# [Work item]
Your task is to return, word for word, only the lines from the line with "Prefeitura abre consulta" through the close of the data. Exclude all pictures.

==== Data block ====

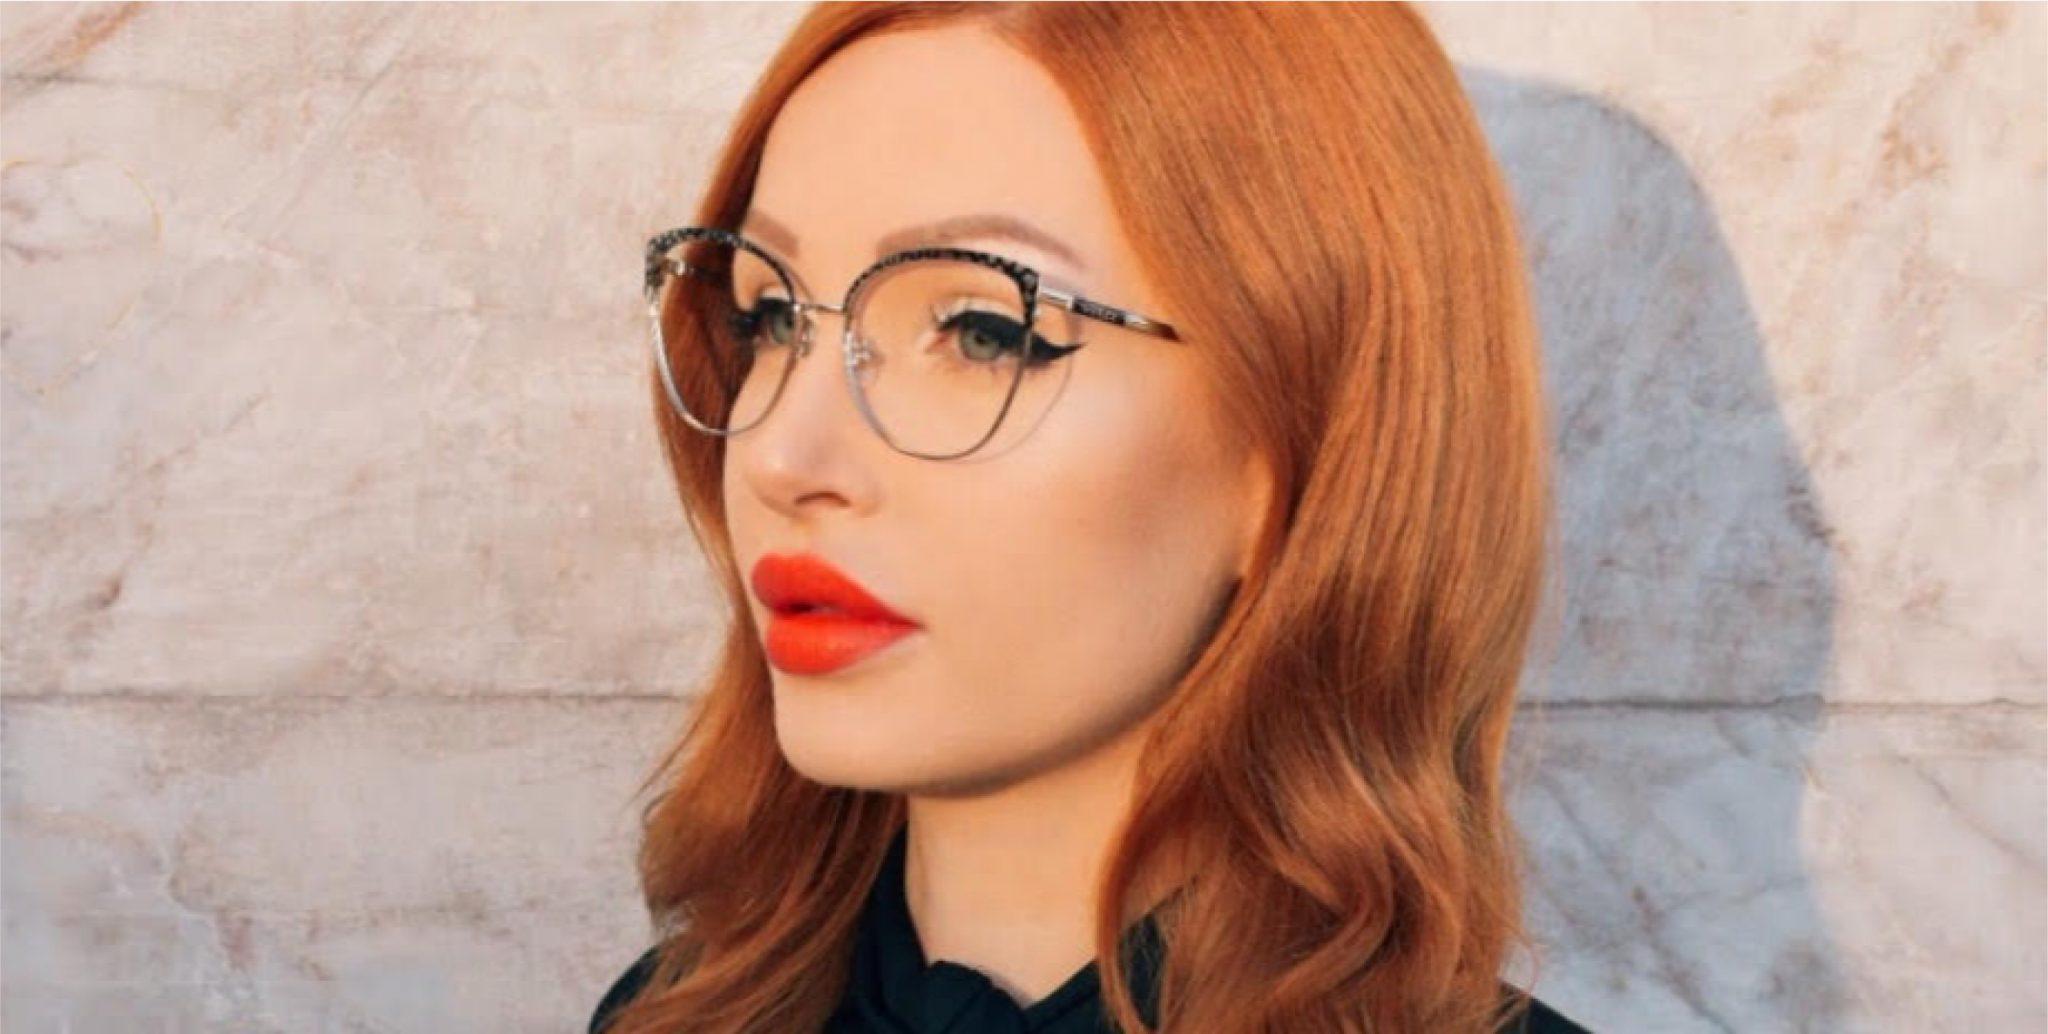 sara influencer glasses guess
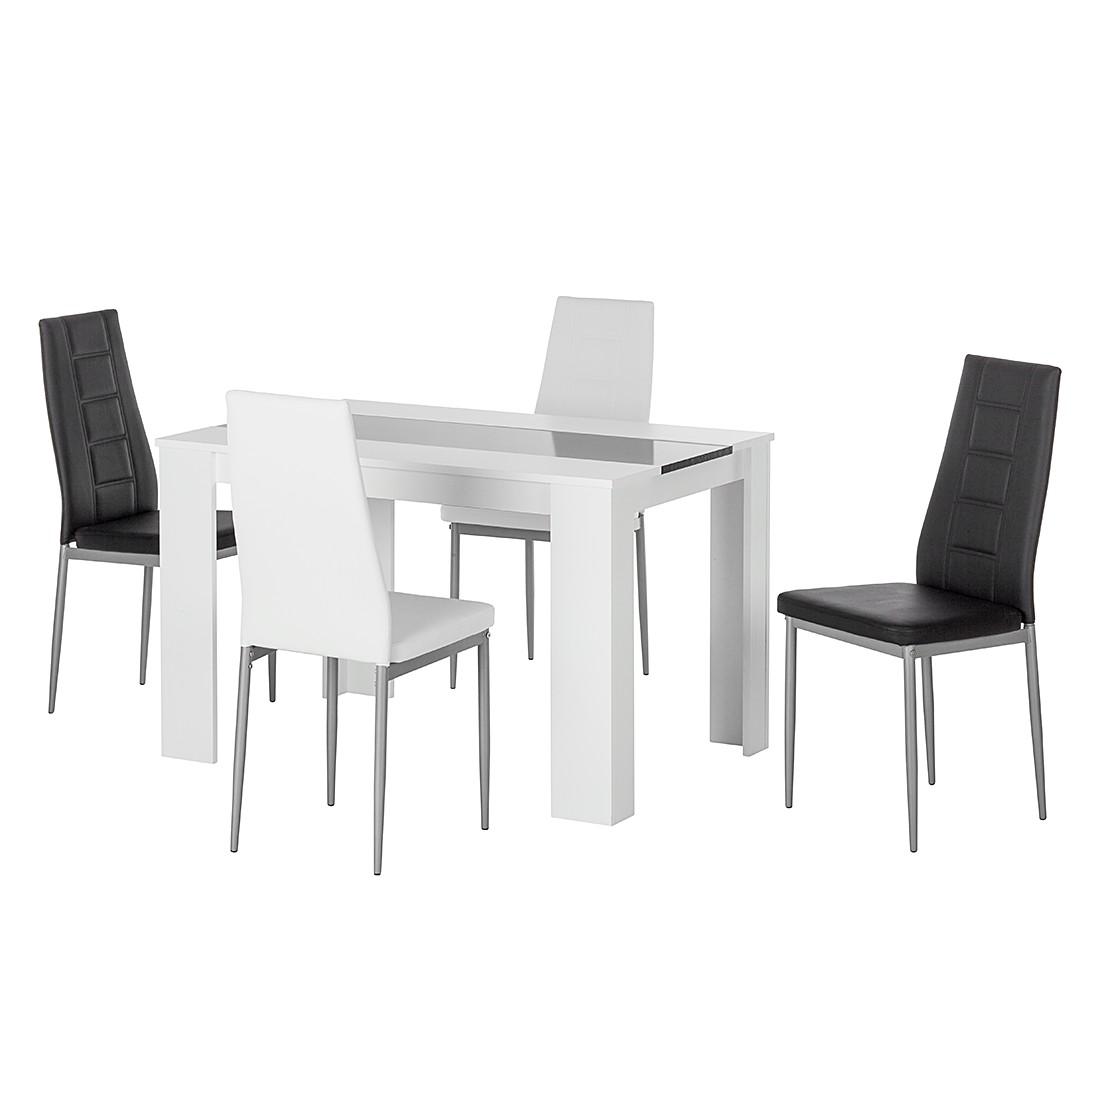 Essgruppe Chiara (5-teilig) – Weiß/Schwarz, Home Design online bestellen
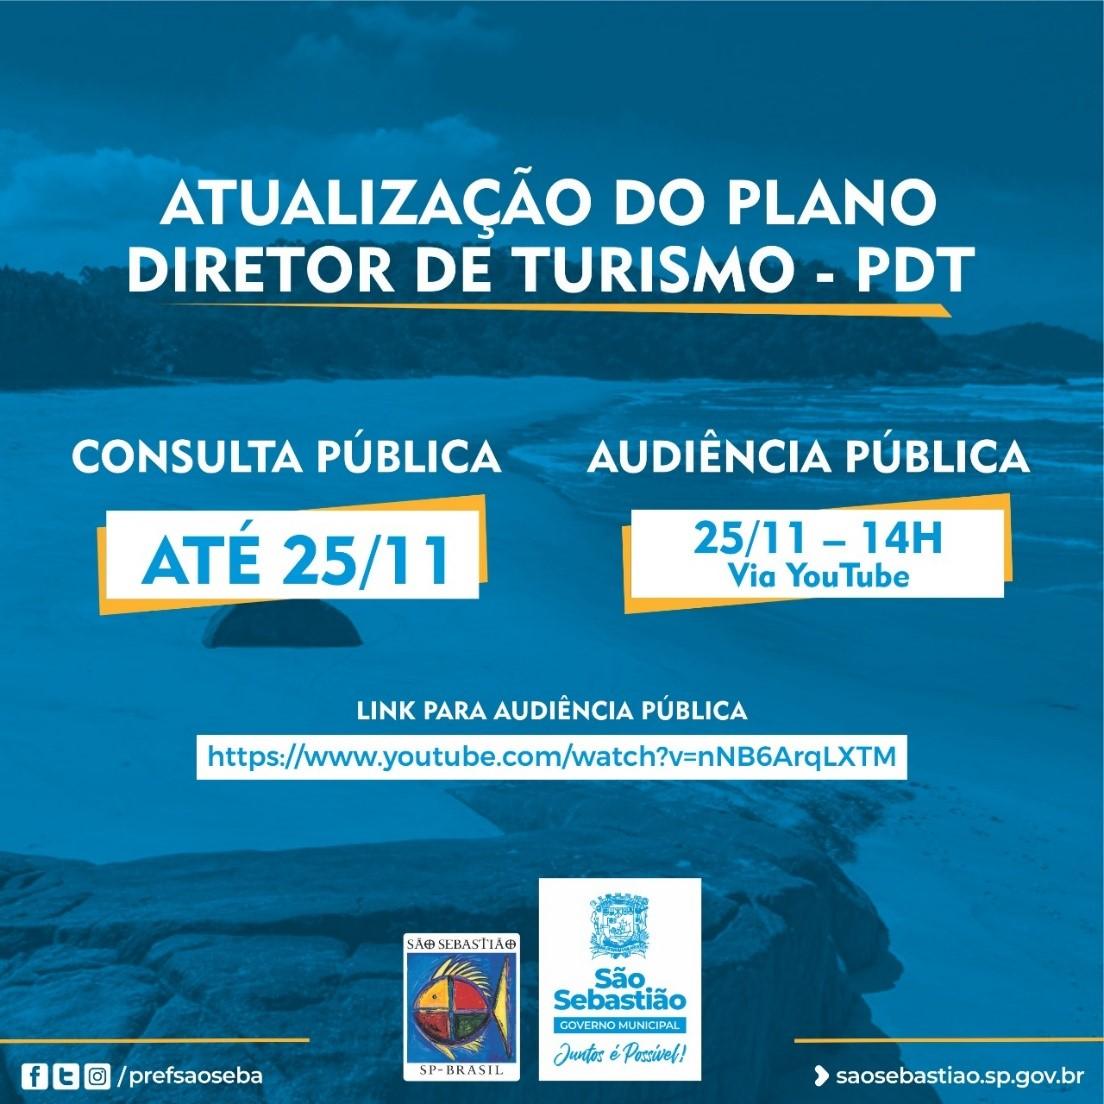 Prefeitura abre consulta pública do Plano Diretor de Turismo de São Sebastião
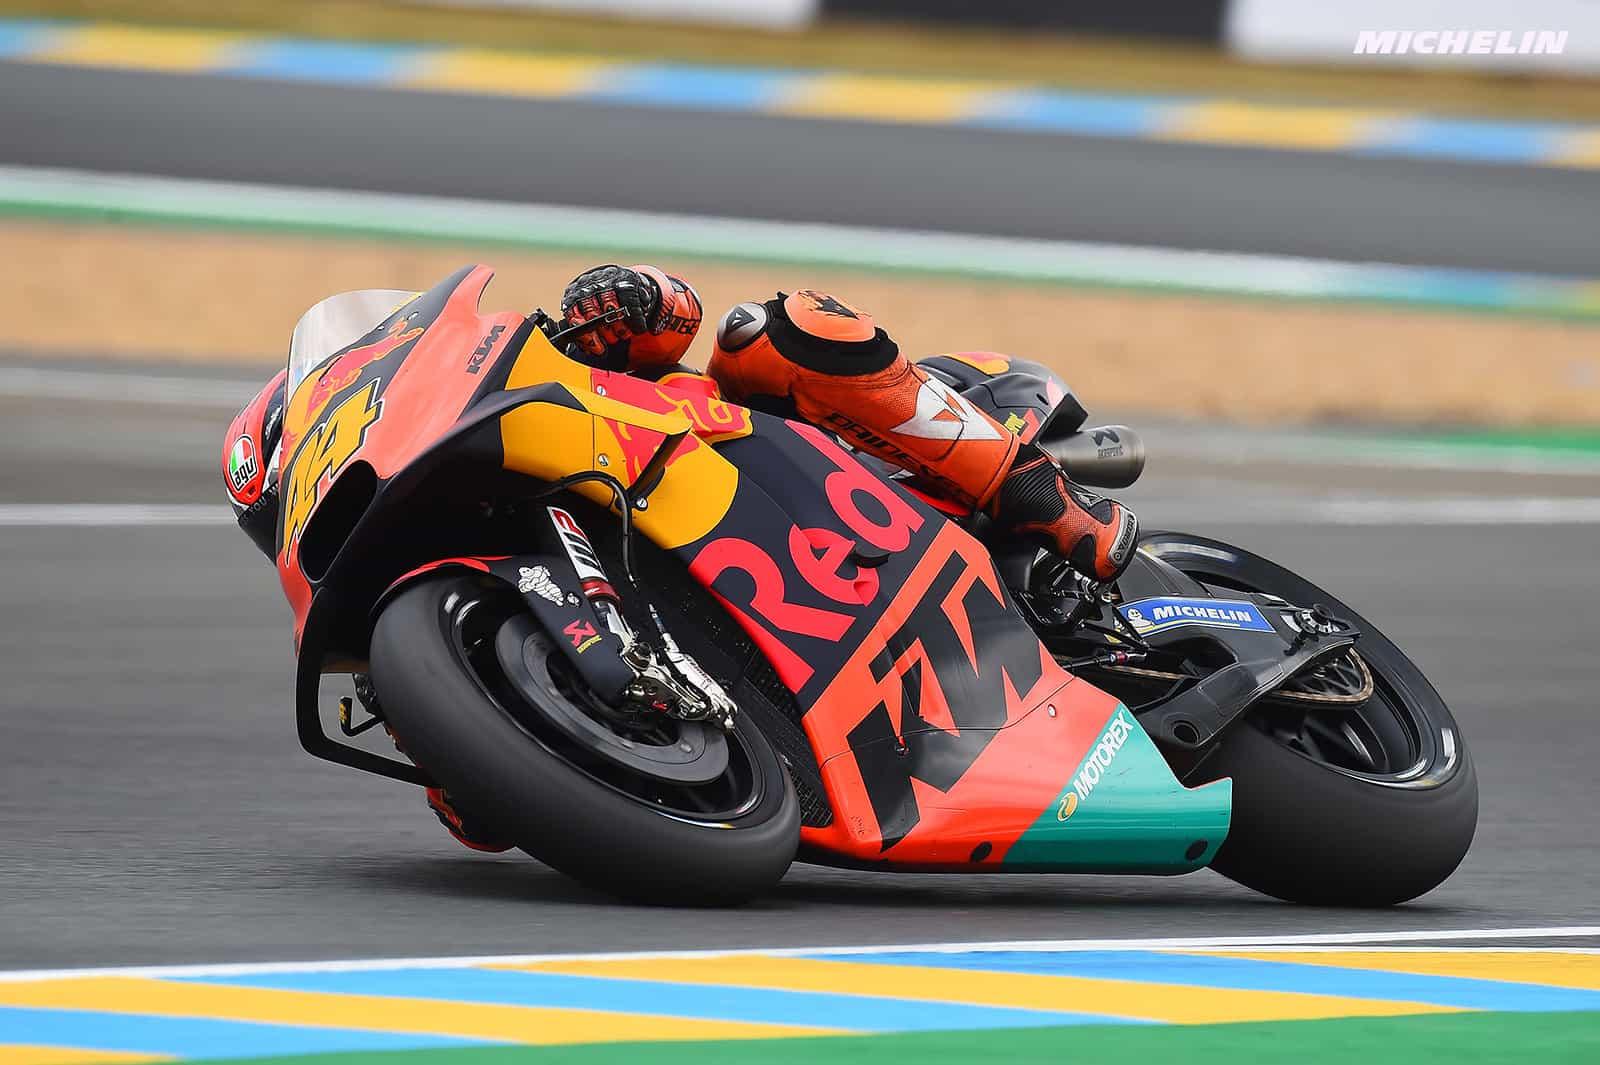 MotoGP2019 KTMが新たに採用したカーボンスイングアームのメリットとは?

====

# [Problem solution]
 Prefeitura abre consulta pública do Plano Diretor de Turismo de São Sebastião
 MotoGP2019 KTMが新たに採用したカーボンスイングアームのメリットとは?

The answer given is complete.